The debate over whether Tesla's semi-autonomous Autopilot system is safe or not remains in the headlines after yet another deadly crash. In recent days, two deadly crashes involving a Tesla have taken place, one of which is now being investigated by the National Highway Transportation Safety Administration (NHTSA). According to the Associated Press, the NHTSA is investigating a deadly crash on December 29 in Gardena, California involving a Tesla Model S engaged in Autopilot.
Police claim the Model S left a freeway and was traveling at a high rate of speed when it ran a red light and smashed into a Honda Civic at an intersection. A man and a woman in the Civic were killed at the scene while the man and woman in the Tesla had non-life threatening injuries. So far, no arrests have been made. It only took a couple of days for the NHTSA to assign its special crash investigation team to investigate the accident.
They have since inspected the Tesla and the crash scene, but they've been quite busy lately.
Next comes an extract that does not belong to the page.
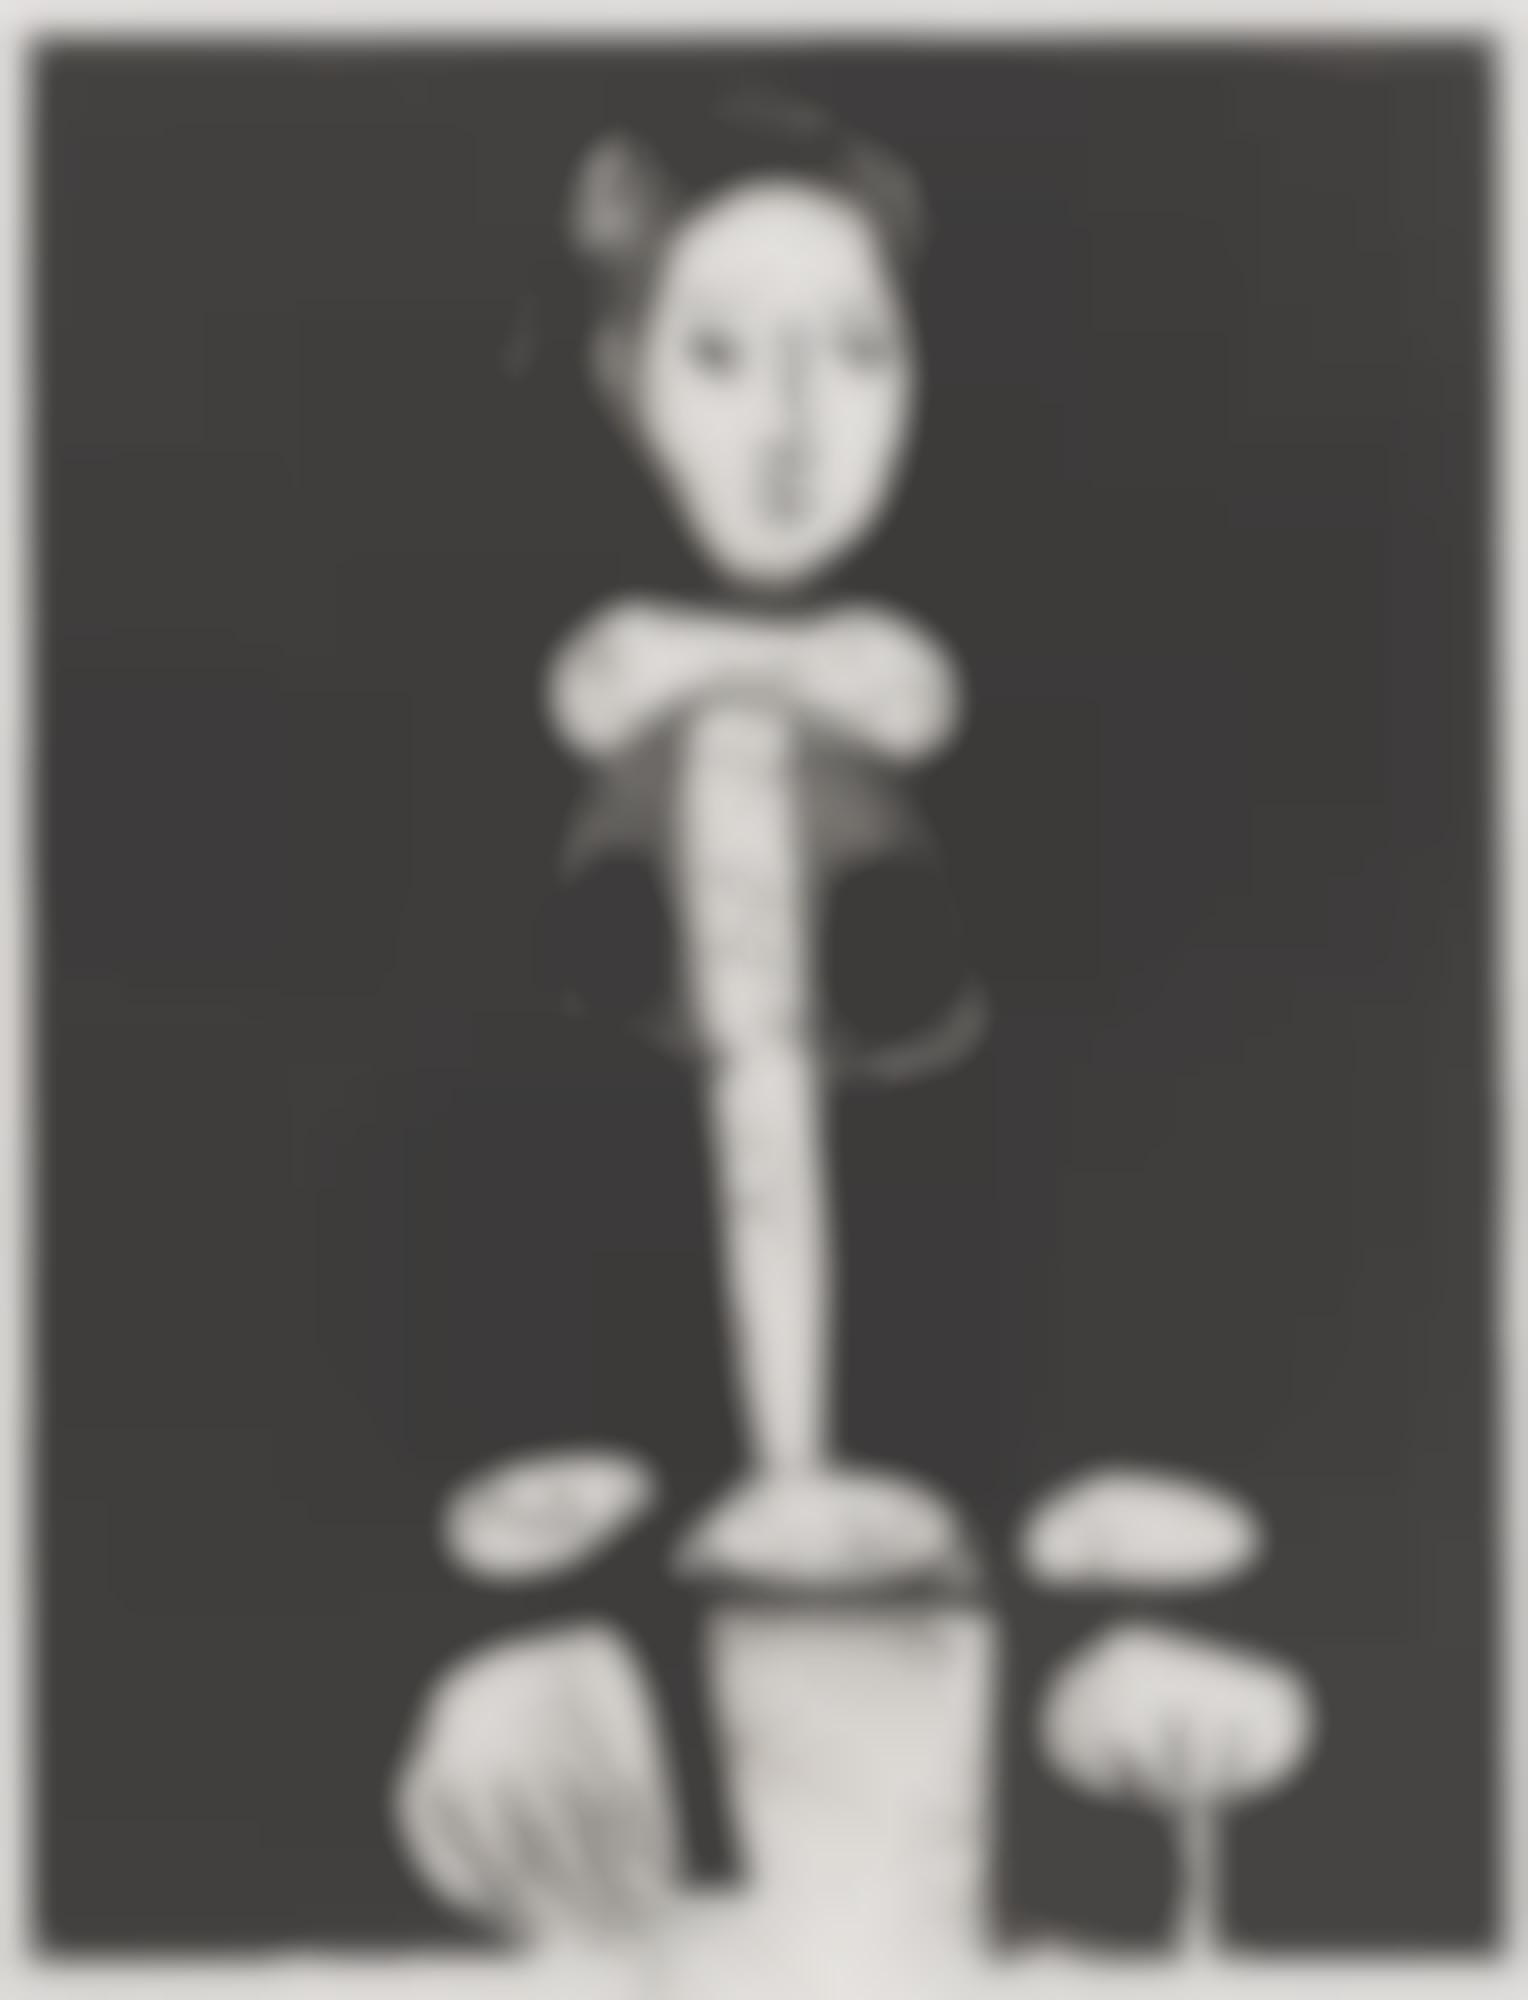 Pablo Picasso-Le Femme Au Fauteuil No. 3 D'Apres Le Jaune (M. 136)-1949

Turns out this team has investigated a total of 13 crashes specifically involving Teslas that are suspected of operating with Autopilot engaged at the time of the incidents.
Unfortunately, there was yet another deadly Tesla crash in Indiana on the same day as the one above. This time, the Tesla rear-ended a parked fire truck alongside a highway. The driver was seriously injured and his wife was killed at the scene. The driver told investigators he regularly uses Autopilot but couldn't remember whether or not it was engaged at the time of the accident.
There's no word yet if the NHTSA will open an investigation into that incident as well, but there does appear to be something going on with Autopilot. Either the system is faulty or owners are misusing it.
Tesla defines Autopilot as a driver-assist feature specifically for lane centering, adaptive cruise control, self-parking, and automatic lane change. Last month, a Tesla Model 3 driver crashed into a parked police cruiser because he was distracted by his dog; he wrongly assumed the activated Autopilot would prevent a crash.